Yes, but here again we wind up in the skill vs ability argument. A person in the hard sciences is likely to have studied language and human interaction, art, and expression much less than a person in the creative fields. And those people in the creative fields cannot manage a multi-dimensional integral to save their lives, while most of my academic department can do so quite handily.
So what you see is what you'd expect - people who study a thing are better at that thing. Not odd in the least.

The hard scientist is quite likely able to think through to something new and unexpected, but like everyone else, they do so with their preferred tools. The creative crowd tends to use language. The harder sciences tend to use math. Same basic idea, but focused upon highly different subject matter.
 

There is a HUGE part of me that wants to say , yeah, we're smarter. But I guess it depends on your definition of "smart" or your definition of "creative". I've known some people with enormously high IQs that can barely dress themselves. I've known some people who could not pass 5th grade math as adults (myself included) but who could write an epic, captivating story or speak fluently in 6 languages. I've known some gamers who were incredibly intelligent but so socially inept and snobbish that no one really wanted to be around them. I've known gamers who were the sweetest people alive. I've known people who were downright idiots.
While I agree that there is a frightening amount of "dumbing down" , I can't say that everyone who games is exempt from it. Nor can I say everyone who doesn't game is not intelligent. In fact, I know some brilliant minds who actually watch moronic shows like Who Wants to Marry my Caricature of Herself Gold-digger Bimbo Aunt (or whatever the latest one is called) who , aside from their strange fixation with reality tv, or what I consider to be ridiculously bad pop music are successful, fun, and smart people.

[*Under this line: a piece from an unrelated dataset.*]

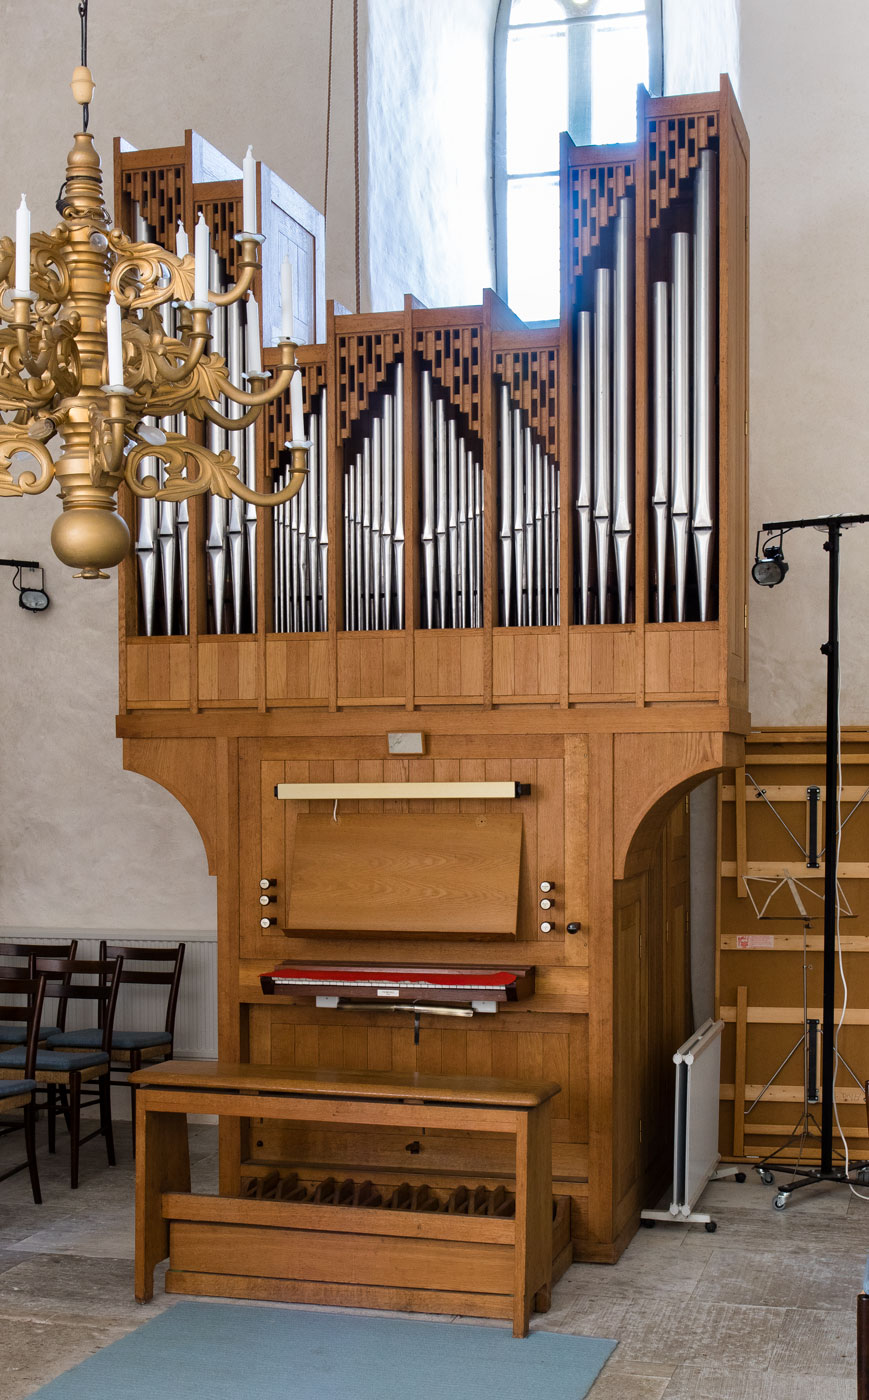 Orgel - Alva kyrka

Me? I have an above average IQ (which to me means nothing other than under the right circumstances, I'm a good test taker). I have no interest in current "pop" culture such as reality tv. I listen to various kinds of music. I like watching history documentaries. I have a lot of useless trivia floating around in my head. I think outside the box (as those business people like to call it). I read a lot of non fiction and classics. I have a vivid imagination.
Does that make me smarter than the guy who fixes your car? Not really. I am terrible at math. My spelling is atrocious. There are plenty of topics I'm just not interested in and know nothing about. I am not very social.
Someone mentioned in an earlier post that gamers are likely to be interested in more intellectual pastimes. I agree. But being interested in intellectual pastimes doesn't really make you smarter.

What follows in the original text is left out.